Lesson 1 – An Overview of Special & Inclusive Education

I. What is Special Education?

SPED is defined as individually planned, systematically implemented, and carefully evaluated


instruction to help exceptional children achieve the greatest possible personal self-sufficiency and success
in present and future environment.

Breaking down the definition…

Individually planned instruction


- Individualized Education Program (IEP) is implemented

Systematically implemented and evaluated instruction


- Each type of children with special needs requires particular educational services, curriculum goals,
competencies and skills, educational approaches, strategies and procedures in the evaluation of
learning skills

Personal self-sufficiency
- One important goal of SPED is to help the child become independent from the assistance of adults in
personal maintenance, home-making, community life, vocational, leisure activities and travel

The present environment


- Refers to the conditions in the life of the child with disability (family, the school, community where
the child lives, and other institutions that extend assistance and support to children with special
needs

The future environment


- Is a forecast of how the child with a disability can move on to the next level of education: Elementary
– Secondary – College/Vocational Program – Work place

II. Special Education in the Philippines:

1) Special Education is protected by law.

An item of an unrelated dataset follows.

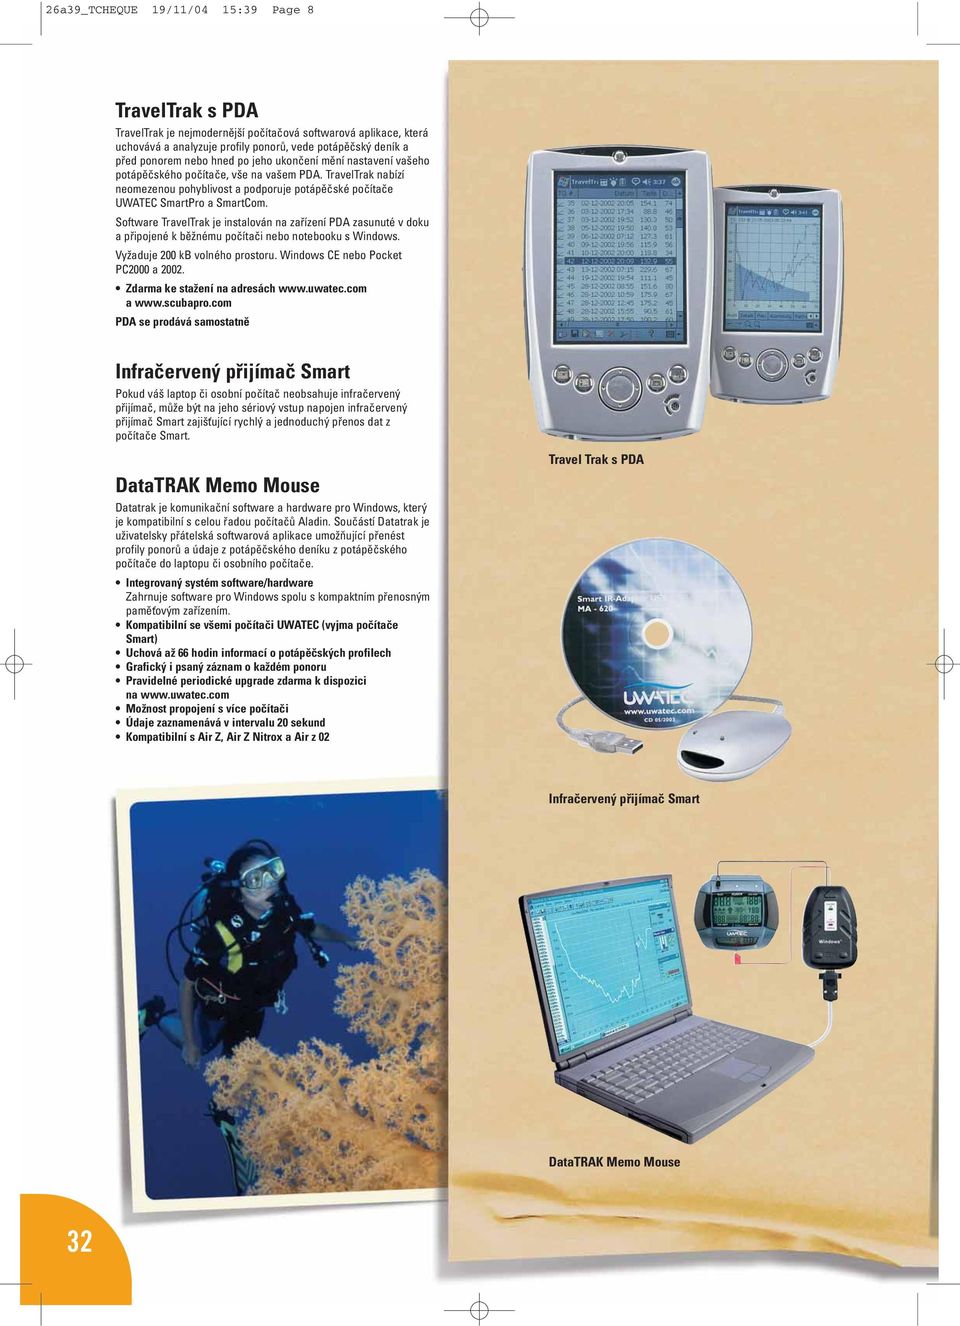 Software TravelTrak je instalován na zařízení PDA zasunuté v doku a připojené k běžnému počítači nebo notebooku s Windows. Vyžaduje 200 kb volného prostoru. Windows CE nebo Pocket PC2000 a 2002.

2) Special Education is a part of the country’s educational system under the Basic Education Program of
the Department of Education. The Special Education Division of the Bureau of Elementary Education
formulates policies, plans, and develops standards of programs and services.

3) Special Education is teaching children with special needs in the least restrictive environment (LRE).

There are several educational placements for children with special needs. The most preferred setting
for the LRE is Inclusive Education where students with special needs are mainstreamed in regular classes.
Other types are special schools, residential schools, self-contained classes, home-bound and hospital
instruction.

4) Special Education is purposeful intervention.

Intervention prevents, eliminates and/or overcomes the obstacles that might keep an individual with
disabilities from learning, from full and active participation in school activities, and from engaging in social
and leisure activities.

Types of Intervention:

a. Preventive intervention – designed to keep potential or minimal problems from becoming a disability
(example: new born screening)

b. Primary prevention – is designed to eliminate or counteract risk factors so a disability is not acquired
(early childhood intervention).

c. Remedial intervention – attempts to eliminate the effects of a disability

III. Common Terms Used in Special Education:

1) Developmental disability – refers to a severe, chronic disability of a child five years of age or older that
is:

a. attributed to a mental or physical impairment or a combination of both


b. manifested before the person is 22 yrs. of age
c. results in substantial functional limitations in three or more of the areas of major life activities:
self-care, language, learning, mobility, capacity for independent living, and economic self-sufficiency

2) Impairment/Disability – refers to reduced function or loss of a specific part of the body or organ.
3) Handicap – refers to a problem a person with a disability/impairment encounters when interacting with
people, events, and the physical aspects of the environment.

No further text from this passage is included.